What does it mean to be a person? It’s a complex concept involving a unique conception of self, often distorted by the ego’s tendency to confuse our desired self with our true self. The intricacies of personhood stem from our unique self-conception, and the dichotomy of human nature is explored in poetry by Jane Hirshfield. The journey of self-discovery and understanding personhood is a continuous endeavor.
What does it mean to be a person?
Being a person is a complex concept involving a unique conception of self, as suggested by philosopher Amélie Rorty. It involves interpreting and modifying our behavior based on self-perception. However, it’s often distorted by the ego’s tendency to confuse our desired self with our true self. Poet Jane Hirshfield describes being a person as an untenable proposition, highlighting the inherent dichotomy of human nature. Ultimately, the journey of self-discovery and comprehension of personhood is a continuous endeavor.

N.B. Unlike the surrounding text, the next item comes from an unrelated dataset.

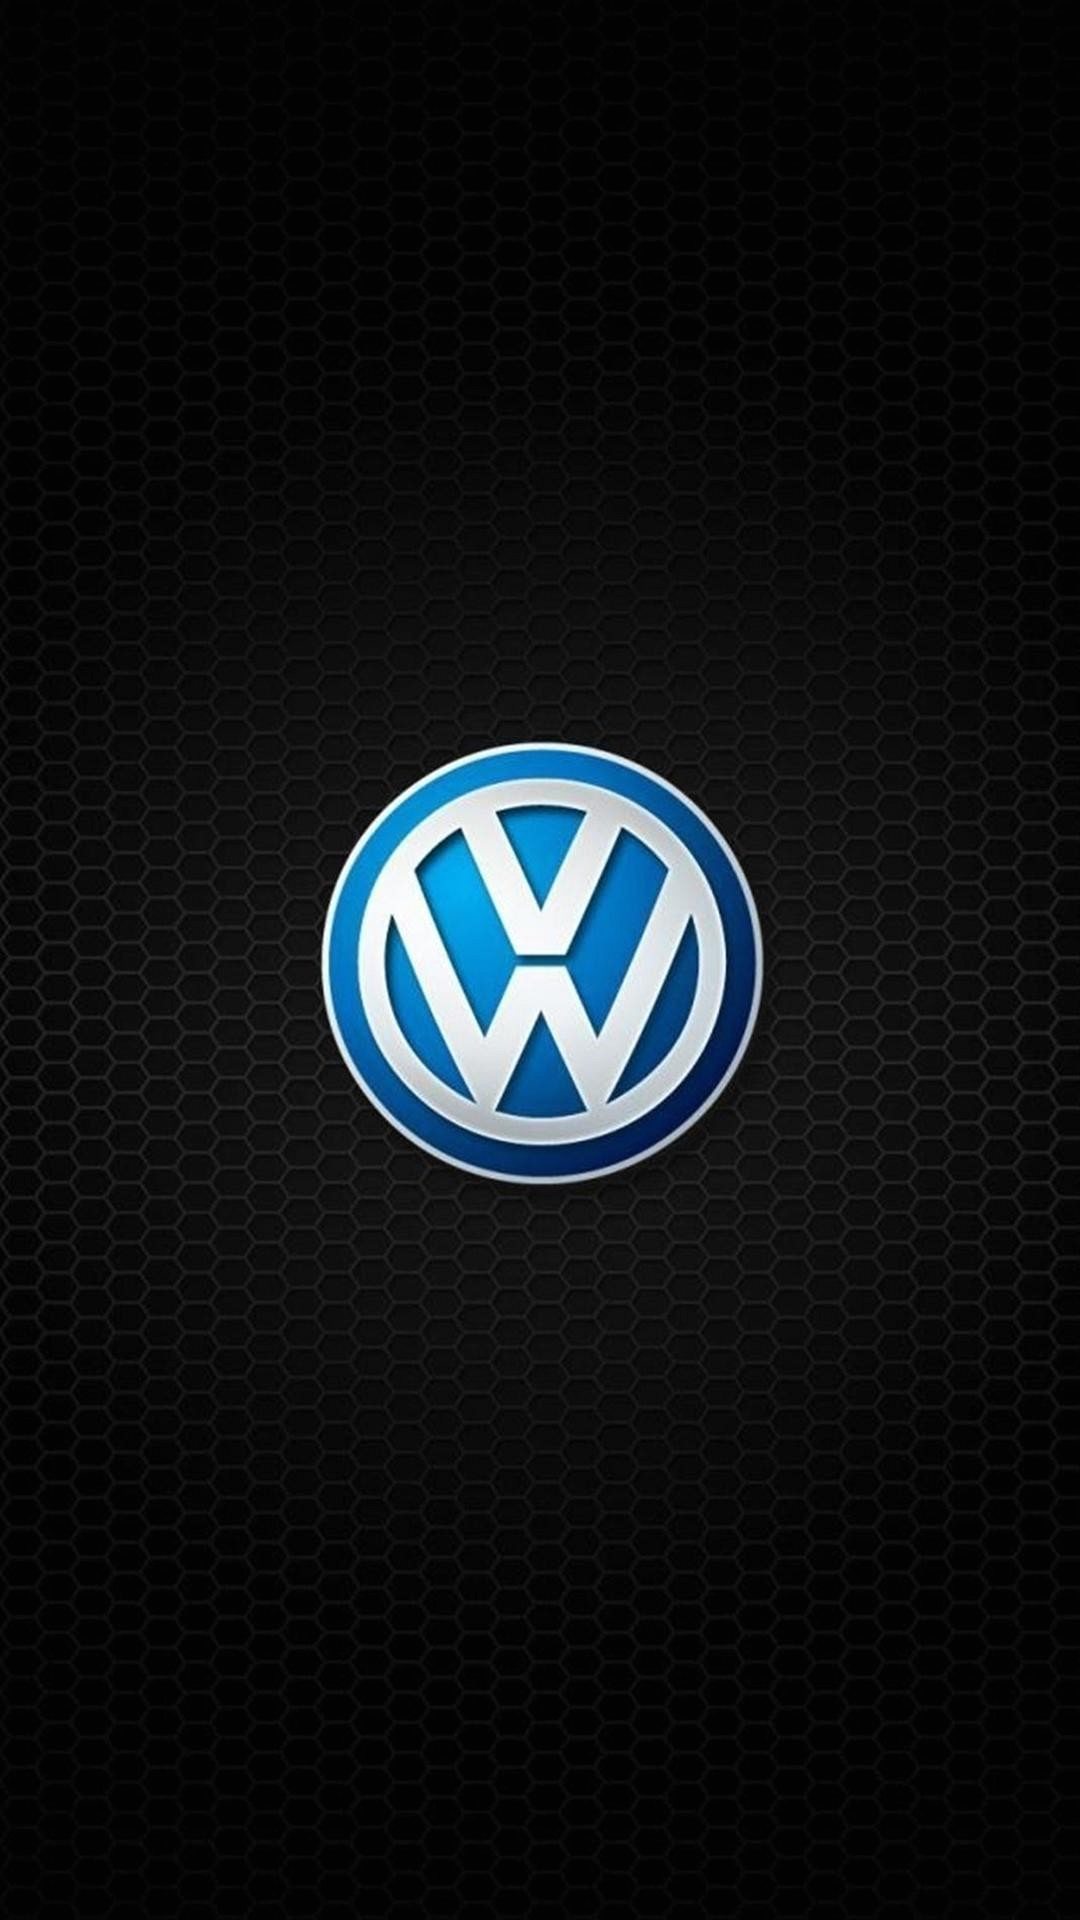 Fine HDQ Volkswagen Images | Nice Full HD Wallpapers

Exploring the Intricacies of Personhood
“A human being is a living constellation of contradictions, mostly opaque to itself,” is a profound statement that hints at the complexities of what it means to be a person. Iris Murdoch, a renowned author and philosopher, once referred to humans as “inward secret creatures.” This sentiment highlights the multitude of unknown factors that govern our existence, most of which remain undiscovered within our own consciousness.
These intricacies of personhood stem from our unique conception of self, as pointed out by philosopher Amélie Rorty. According to her, humans are organisms that interpret and modify their agency based on their self-conception. This concept is a testament to our remarkable evolutionary path, which has led us from simple bacteria to the ability to construct the Benedictus, a sophisticated work of music, in what seems like a fleeting moment in the grand timeline of the cosmos.
The Dichotomy of Human Nature
However, this self-conception is often distorted. This distortion lies in our ego’s tendency to confuse who we wish we were with who we truly are. The only redemption lies in our courage to acknowledge and understand ourselves for what we are – neither devils nor divines, as Maya Angelou beautifully captures in her poem, “A Brave and Starling Truth.”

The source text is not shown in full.